• _SUPPLIED MATERIAL_:
= = = =

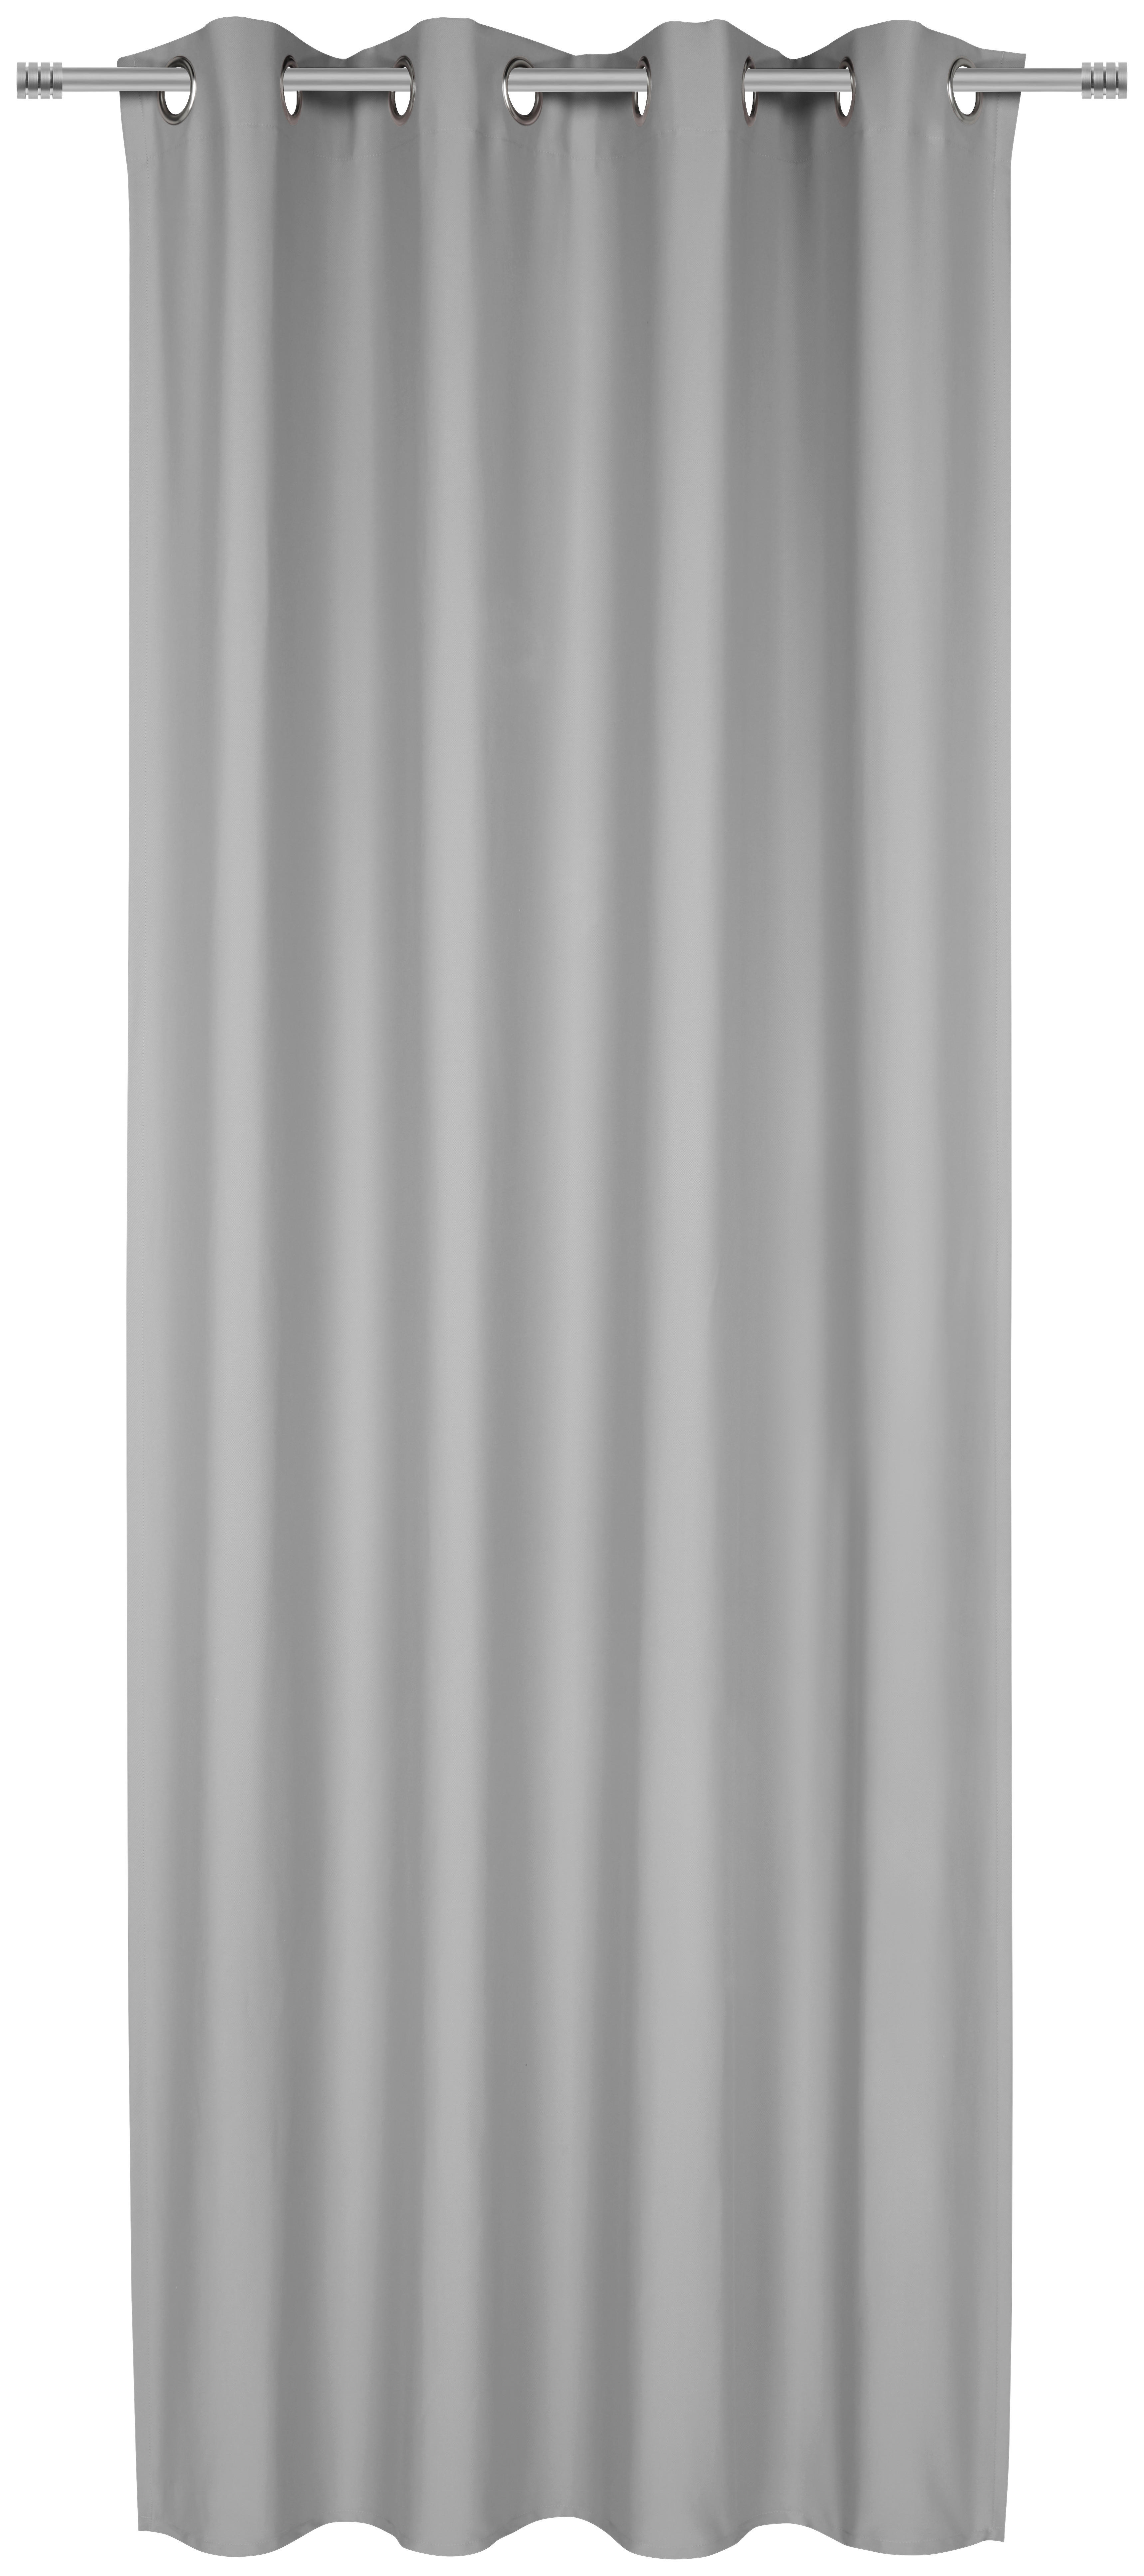 ÖLJETTLÄNGD ej transparent  - grå, Basics, textil (140/245cm) - Esposa
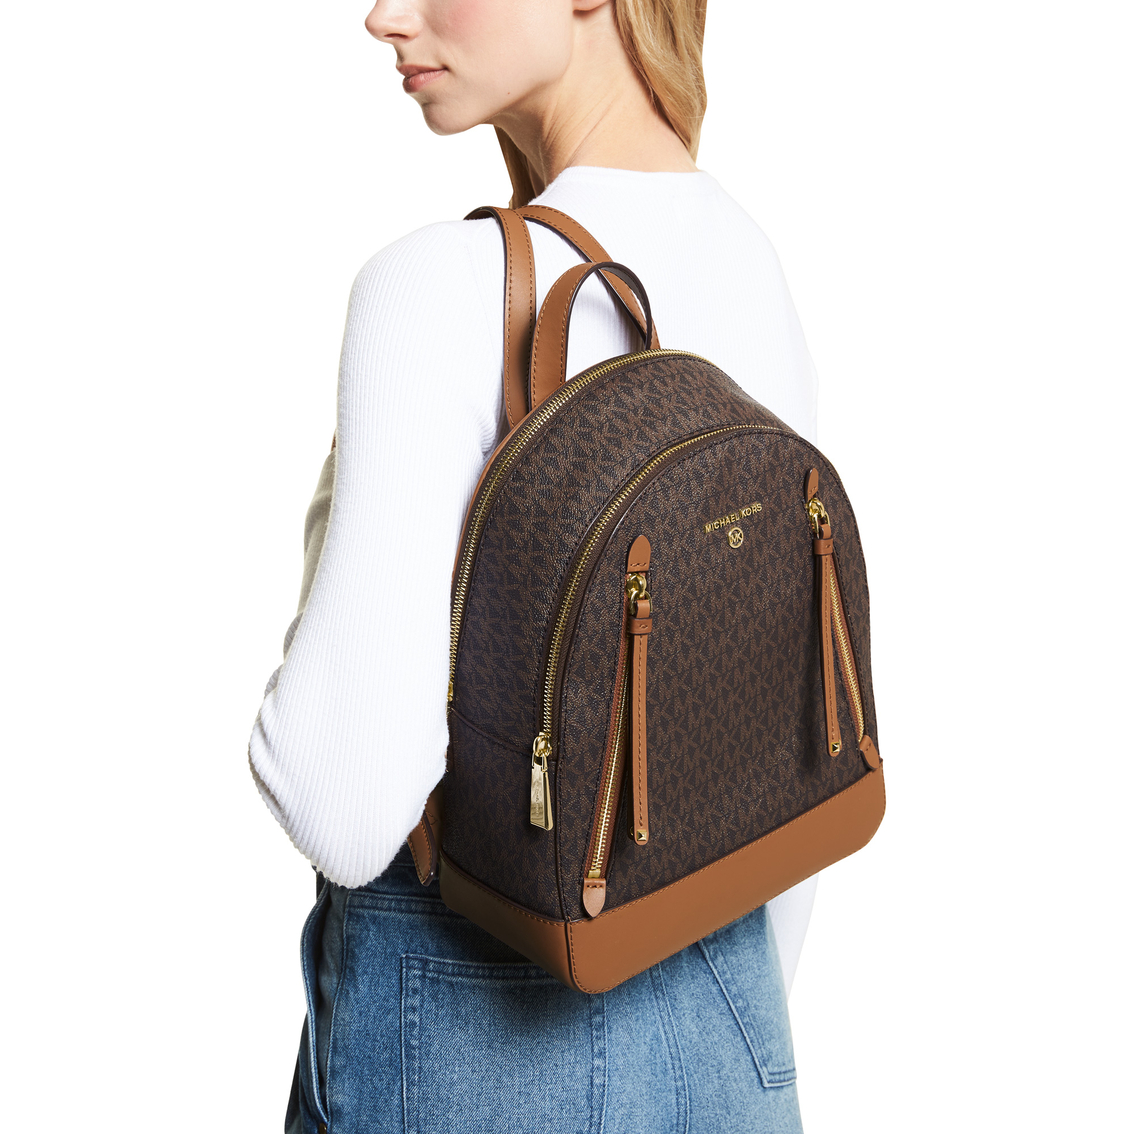 Michael Kors Brooklyn Medium Backpack - Image 4 of 4
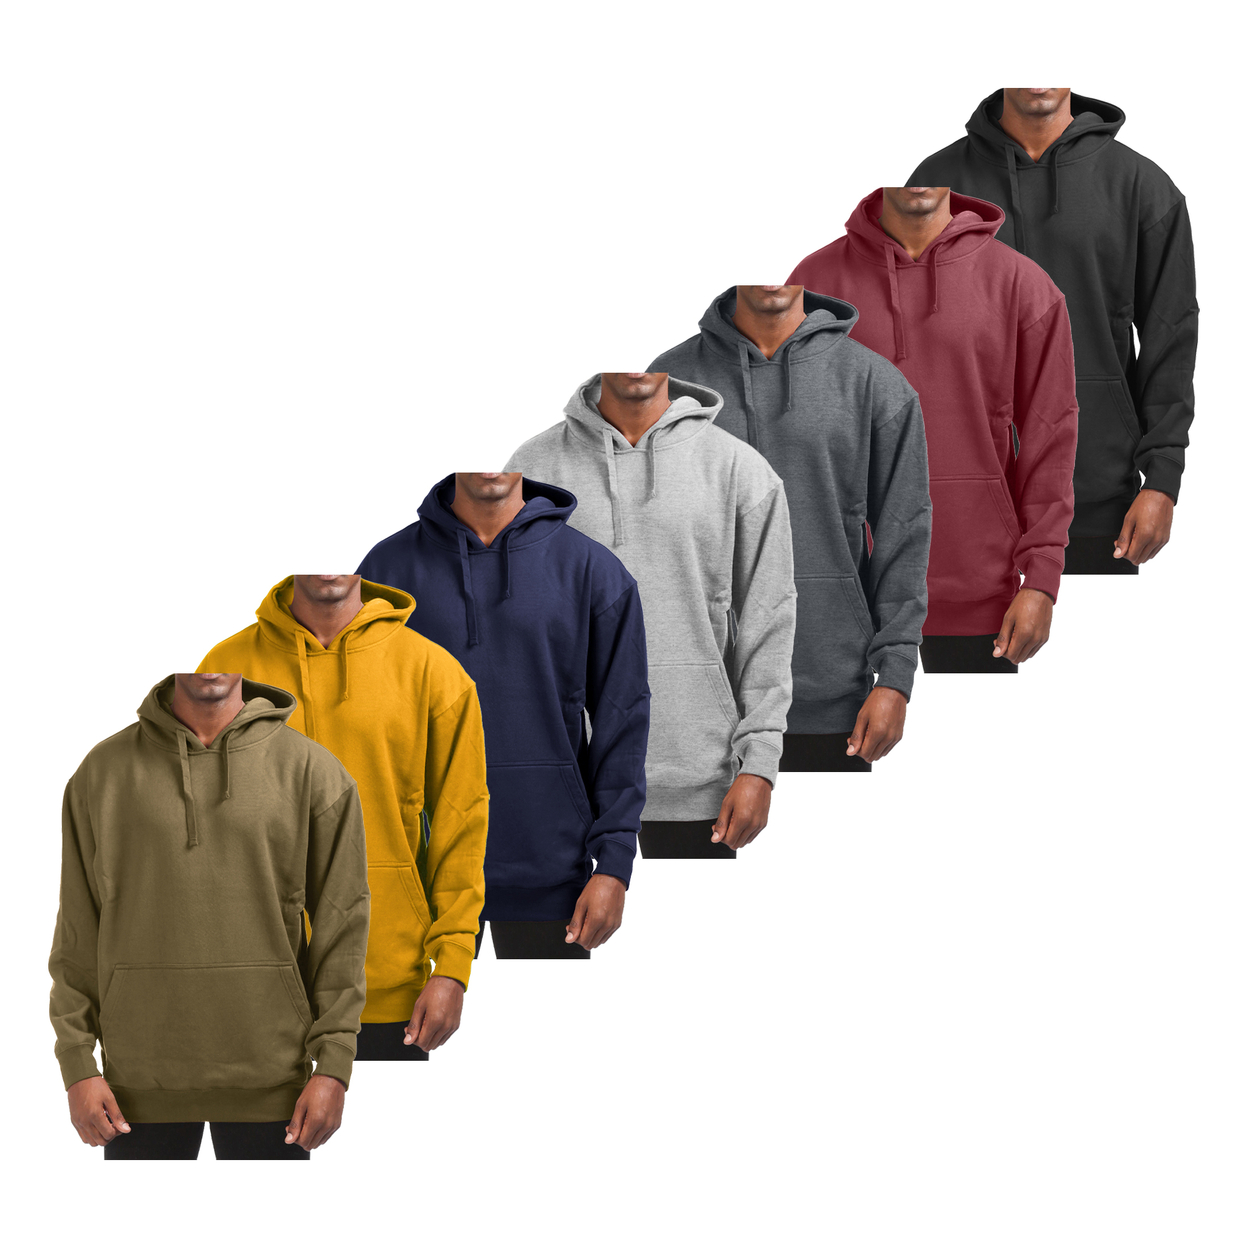 2-Pack: Men's Super-Soft Winter Warm Cotton-Blend Fleece Pullover Hoodie With Kangaroo Pocket - Black & Black, Xx-large

= = = =

• _DIRECTIONS_: Once the images are dropped, set down the remaining material word for word.

• _ANSWER SPACE_:
 ÖLJETTLÄNGD ej transparent  - grå, Basics, textil (140/245cm) - Esposa
 Michael Kors Brooklyn Medium Backpack - Image 4 of 4
 2-Pack: Men's Super-Soft Winter Warm Cotton-Blend Fleece Pullover Hoodie With Kangaroo Pocket - Black & Black, Xx-large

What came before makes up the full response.